Photo by Steve Johnson on Unsplash

By the end, you’ll have a smart system answering finance-related queries with precision.

Before diving into the implementation, ensure you have the necessary dependencies installed. The following commands install the required libraries:

!pip -qqq install pip - progress-bar off
!pip -qqq install langchain-groq==0.1.3 - progress-bar off
!pip -qqq install langchain==0.1.17 - progress-bar off
!pip -qqq install llama-parse==0.1.3 - progress-bar off
!pip -qqq install qdrant-client==1.9.1 - progress-bar off
!pip -qqq install "unstructured[md]"==0.13.6 - progress-bar off
!pip -qqq install fastembed==0.2.7 - progress-bar off
!pip -qqq install flashrank==0.2.4 - progress-bar off

These libraries enable us to:

  • LangChain: Build and manage AI agent workflows.
  • LlamaParse: Parse and extract data from PDFs.
  • Qdrant: Store and search vectorized document embeddings.
  • Flashrank: Improve retrieval with ranking models.
  • FastEmbed: Generate document embeddings efficiently.

We will explore these in detail when we import them in step-2.

We need to set up the Groq API key for interacting with the language model.

import os

os.environ["GROQ_API_KEY"] = input("Enter your GROQ API Key: ")
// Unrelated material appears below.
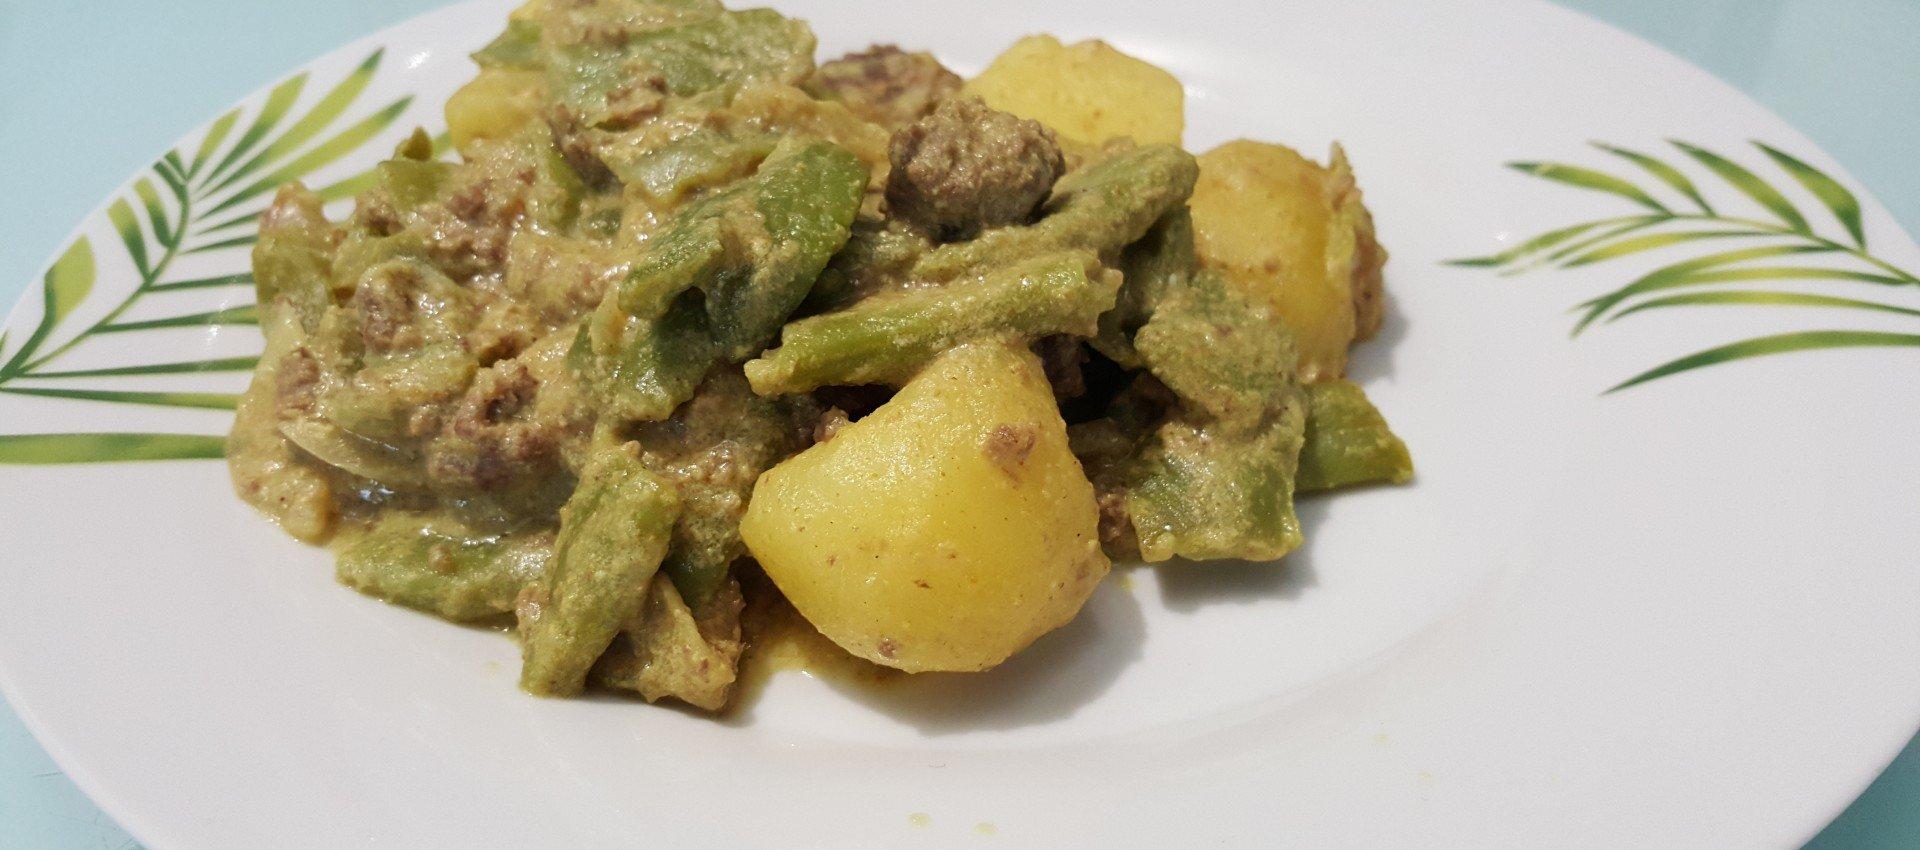 Steaks hachés, pommes de terre et haricots verts au cookeo

We import necessary modules for text processing and retrieval-based Q&A.

import textwrap
from pathlib import Path
from google.colab import userdata
from IPython.display import Markdown
from langchain.chains import RetrievalQA
from langchain.prompts import PromptTemplate
from langchain.retrievers import ContextualCompressionRetriever
from langchain.retrievers.document_compressors import FlashrankRerank
from langchain.text_splitter import RecursiveCharacterTextSplitter
from langchain.vectorstores import Qdrant
from langchain_community.document_loaders import UnstructuredMarkdownLoader
from langchain_community.embeddings.fastembed import FastEmbedEmbeddings
from langchain_core.prompts import ChatPromptTemplate
from langchain_groq import ChatGroq
from llama_parse import LlamaParse

These libraries help in:

  1. Document Processing & Retrieval
  • UnstructuredMarkdownLoader loads and processes markdown documents.
  • RecursiveCharacterTextSplitter splits documents into smaller chunks for better retrieval.
  • Qdrant stores and retrieves document embeddings efficiently.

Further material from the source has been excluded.